Structural lightweight concrete (SLWC) offers substantial advantages over conventional concrete by reducing dead load, enhancing thermal insulation, and lowering seismic vulnerability in multi-storey and long-span structures. Traditional SLWC production has relied heavily on energy-intensive manufactured aggregates, such as expanded clay and sintered fly ash, which pose environmental concerns. This review examines recent advances in SLWC produced using sustainable alternatives—naturally occurring pumice, treated oil palm shell (OPS), recycled lightweight concrete aggregate (RLA) from demolished blocks, and waste crushed bricks (WCB)—in combination with supplementary cementitious materials (SCMs) including metakaolin, silica fume, fly ash, and ground granulated blast-furnace slag.

The paper synthesizes findings on aggregate pretreatment, mixture proportioning, and mechanical performance, showing that appropriately designed SLWC systems achieve 28-day compressive strengths of 25–45 MPa at equilibrium densities below 2000 kg/m³, thereby satisfying major code requirements (ACI 213R, ASTM C330, DIN 1045-1). Pumice-based concretes incorporating 15–18% metakaolin demonstrate strengths up to 40 MPa and sharply reduced sorptivity, while treated OPS concretes with silica fume or slag attain 25–31 MPa at densities around 1700–1750 kg/m³. Recycled lightweight aggregate concretes with 25–35% RLA maintain structural-grade strengths and thermal conductivities in the range 0.49–0.75 W/(m·K).
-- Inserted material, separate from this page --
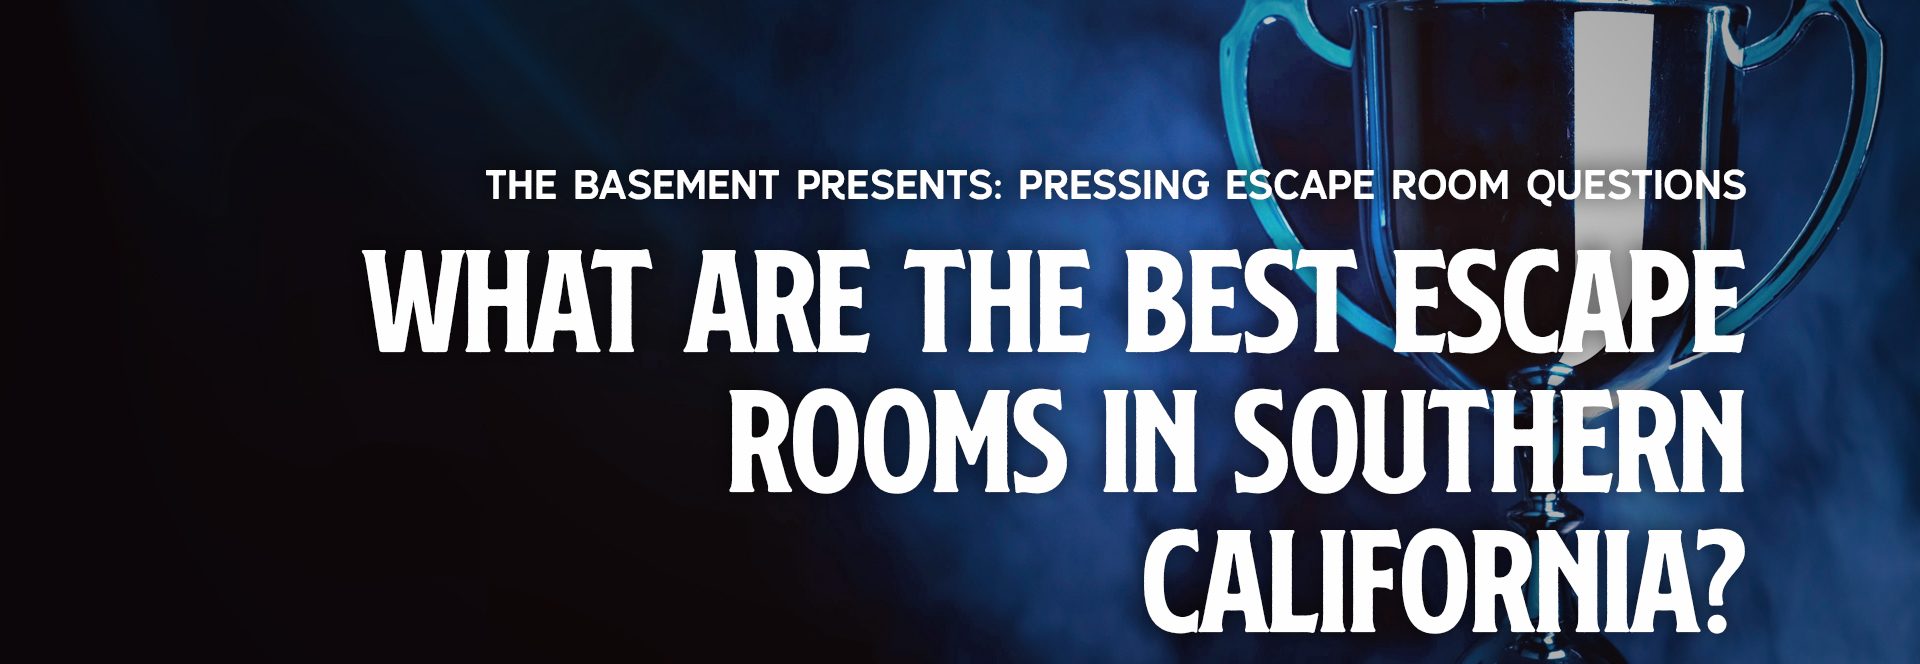 The Best Escape Rooms in Southern California What Are The Best Escape Rooms in Southern California The Basement: A Live Escape Room Experience - The Basement in Los Angeles is the top-rated escape room in Southern California. It offers a range of unique and challenging games, with its puzzles ranging from easy to difficult so that everyone can have a good time. Exit Game - Situated in Monterey Park, it is one of Southern California's largest escape rooms. Known for its tech-savvy and innovative puzzles, Exit Game brings a cinematic experience to its players. Escape Room LA - A pioneer in the escape room industry, Escape Room LA offers a variety of intricately designed games set in a range of environments, such as a haunted theatre or a mystical Mayan pyramid. Maze Rooms - With locations scattered across Los Angeles, Maze Rooms offers a broad spectrum of escape room themes. Each room is finely crafted and filled with creative, one-of-a-kind puzzles. 60 Out - Known for its realistic and immersive escape rooms, 60 Out has multiple locations across Los Angeles. With a variety of themes, from a Jumanji-inspired game to a magic school adventure, 60 Out offers something for everyone. Remember, these popular escape rooms are not only about solving puzzles but also about enjoying the journey. Each one provides a unique, immersive experience that is sure to create lasting memories!

Full replacement of natural aggregates with WCB yields compressive strengths exceeding 39 MPa when combined with 15% silica fume or metakaolin, alongside favorable interfacial transition zone characteristics confirmed by scanning electron microscopy, X-ray diffraction, and thermogravimetric analysis.

Durability assessment reveals that highly reactive SCMs—particularly metakaolin and silica fume—refine pore structure, reduce capillary water absorption, and enhance residual strength after exposure to elevated temperatures up to 600 °C. Among SCMs, slag exhibits superior fire resistance, retaining approximately 85% of ambient-temperature strength after 600 °C exposure. However, existing data remain largely short-term and specimen-scale, with limited information on long-term freeze–thaw resistance, chloride ingress, carbonation, and full-scale structural behavior under service conditions.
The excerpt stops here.